Они проследили, как карета в сопровождении Гурана и Улича прокатила мимо. Даже кучер и тот держал повод в зубах, потому что руки были заняты ружьем.
– Догоняй, – спокойно сказал ротмистру Лаврин, подъезжая при этом к атаману. – Я сейчас. Только попрощаюсь с людьми.
– Если посмеете тронуть – перевешаю, – грозно осмотрел гайдуков Хозар.
А стоило ему отъехать, как Урбач ударом ноги вышиб из рук атамана "фальконет", выстрелил в грудь зазевавшемуся джуре, жадно смотревшему вслед карете, и, пригнувшись, с гиком помчался вслед за своими.
Два запоздалых выстрела, прогремевших ему вдогонку, изменить что-либо в этой истории не могли.
22
Поняв, что произошло, Хмельницкий оставил карету, предпочтя ей привычное седло.

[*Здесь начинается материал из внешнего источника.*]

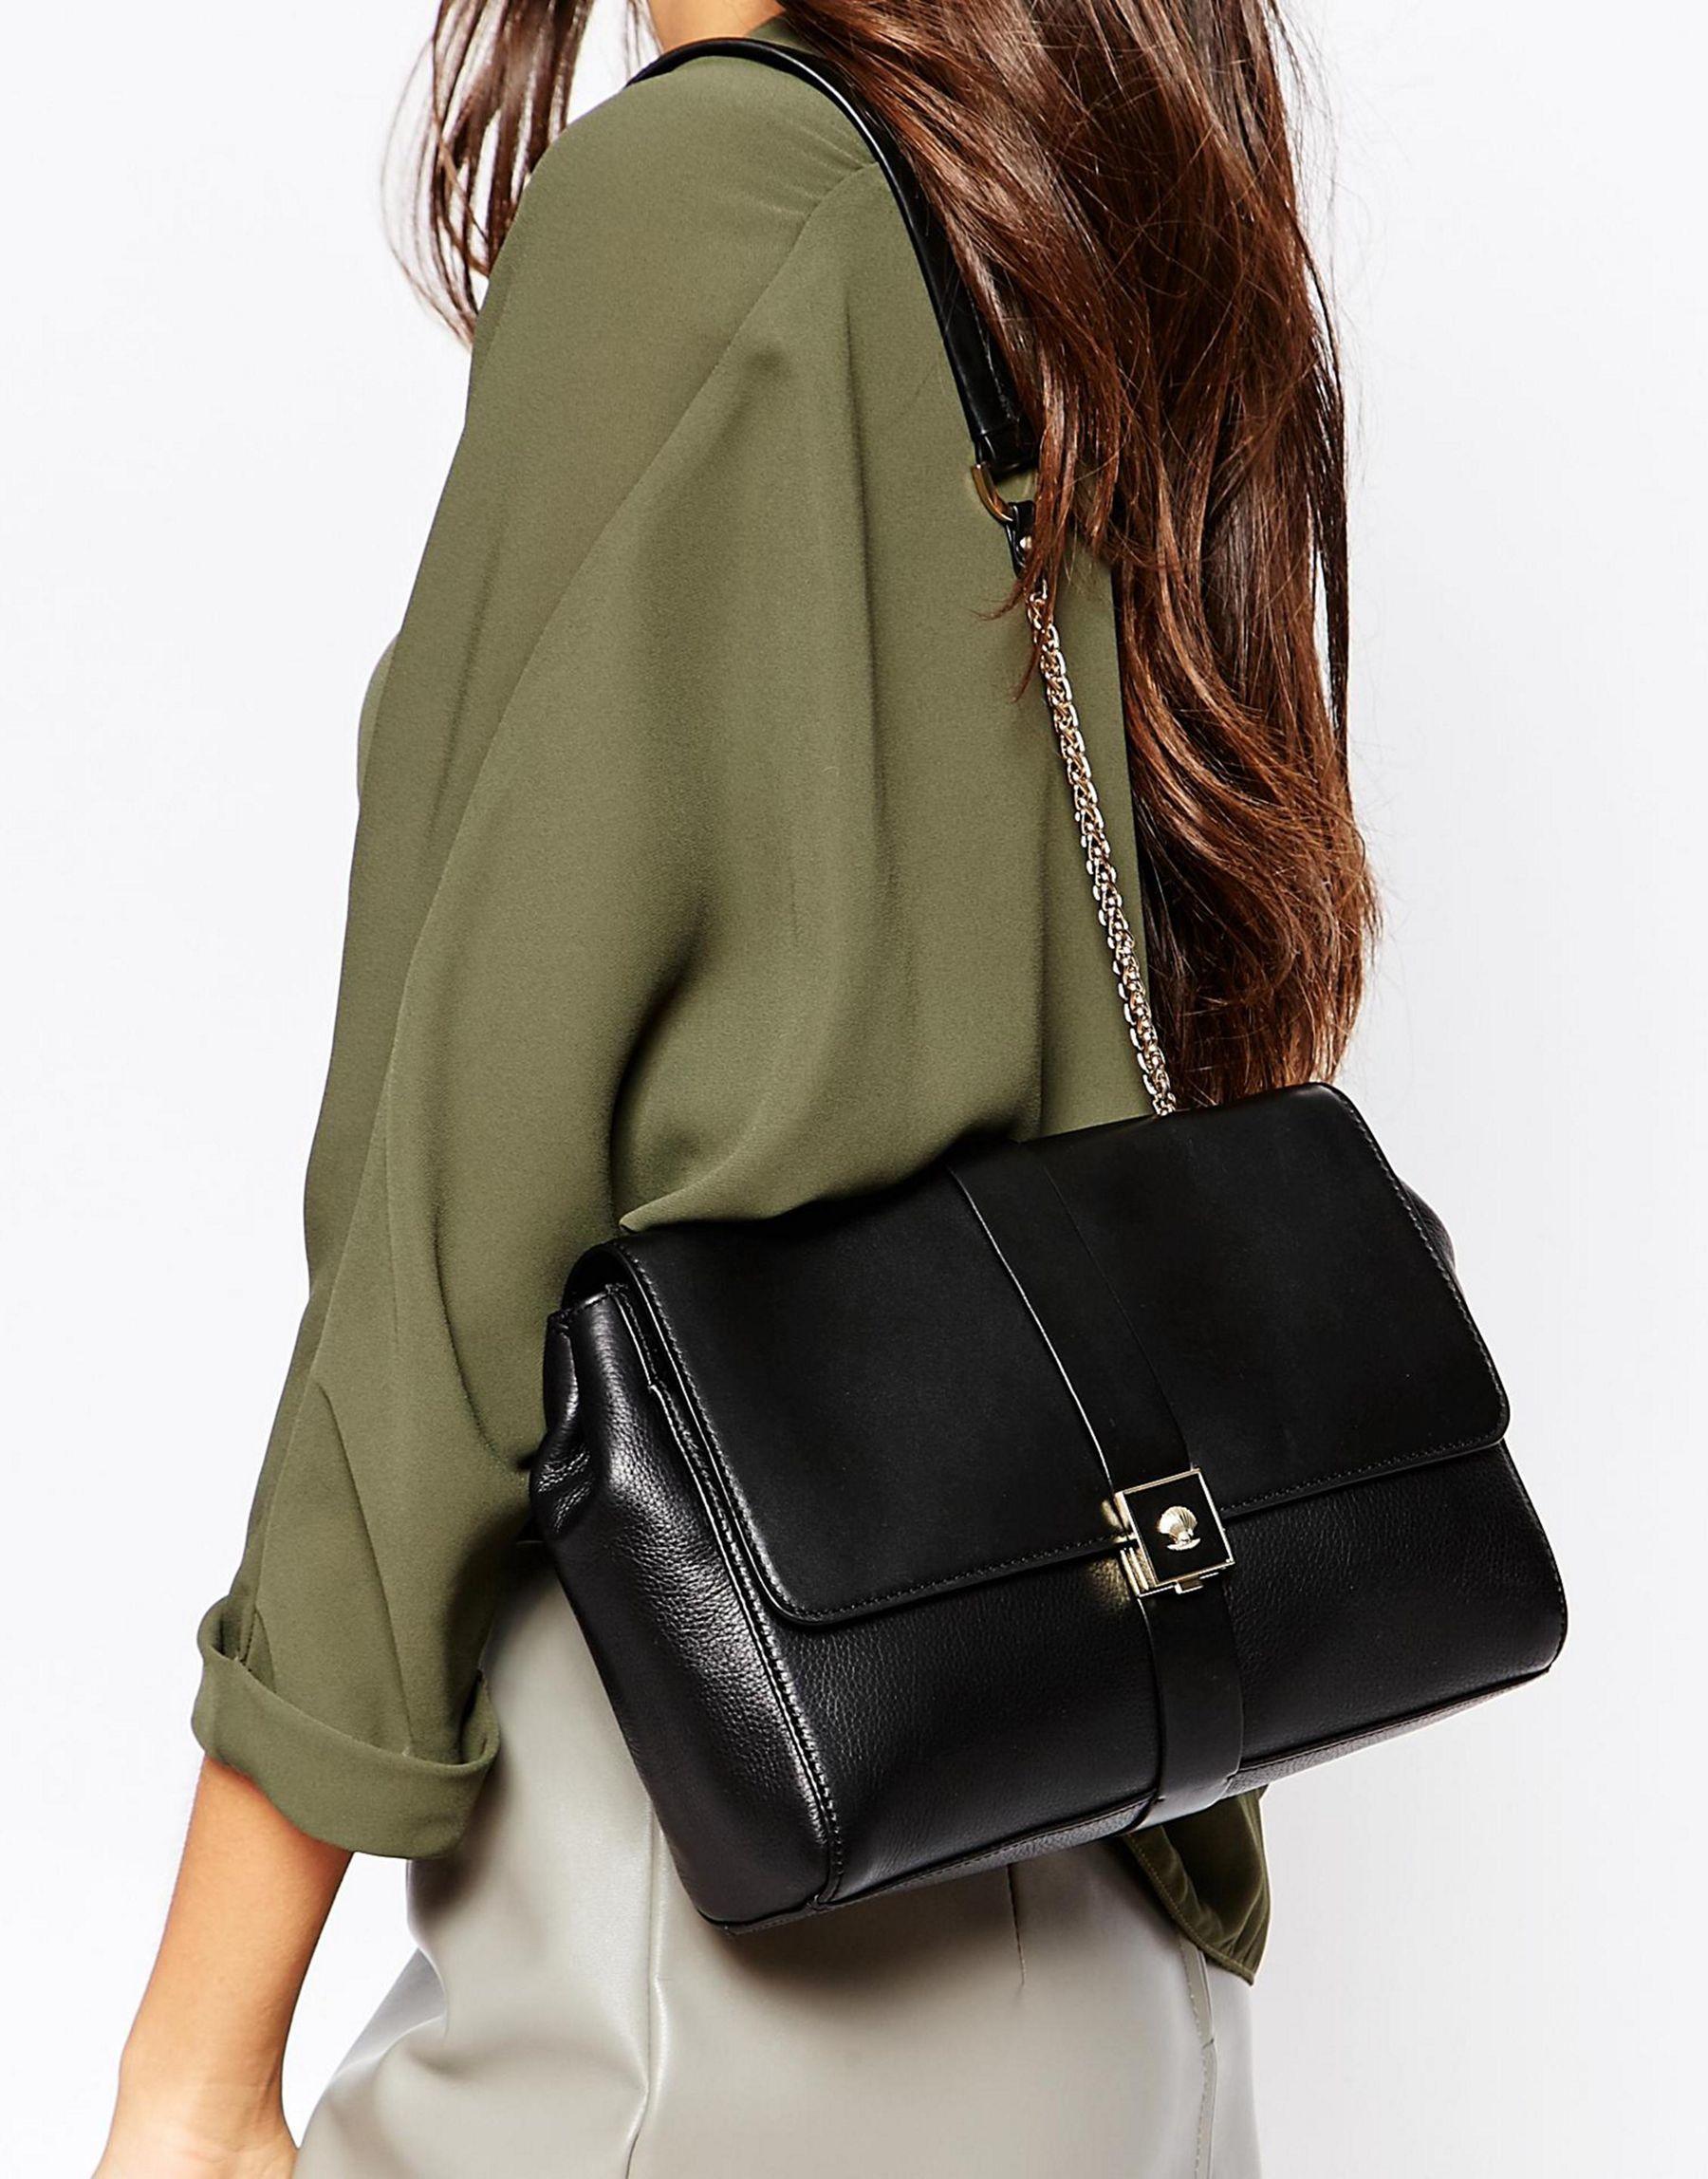 Leather Flap Over Shoulder Bag In Black

Его примеру тотчас же последовали Гяур и Сирко.
– Так это что, по наши души засада стояла? – поинтересовался полковник, подождав Урбача, семенившего на своем выносливом татарском коньке последним.
– Ждали не нас, но пули могли быть нашими, – нехотя ответил сотник, давая понять, что все происшедшее не стоит долгих расспросов.
– Казак ты, Лаврин, стоящий, и талант в тебе какой-то такой, особенный. Это ты уже доказал.
– Чего же мне не хватает? – миролюбиво улыбнулся Урбач.
Хмельницкий оглянулся. Двое всадников-гайдуков медленно тащились вслед за ними, словно отощавшие волки, ожидающие, когда их добыча окончательно выбьется из сил.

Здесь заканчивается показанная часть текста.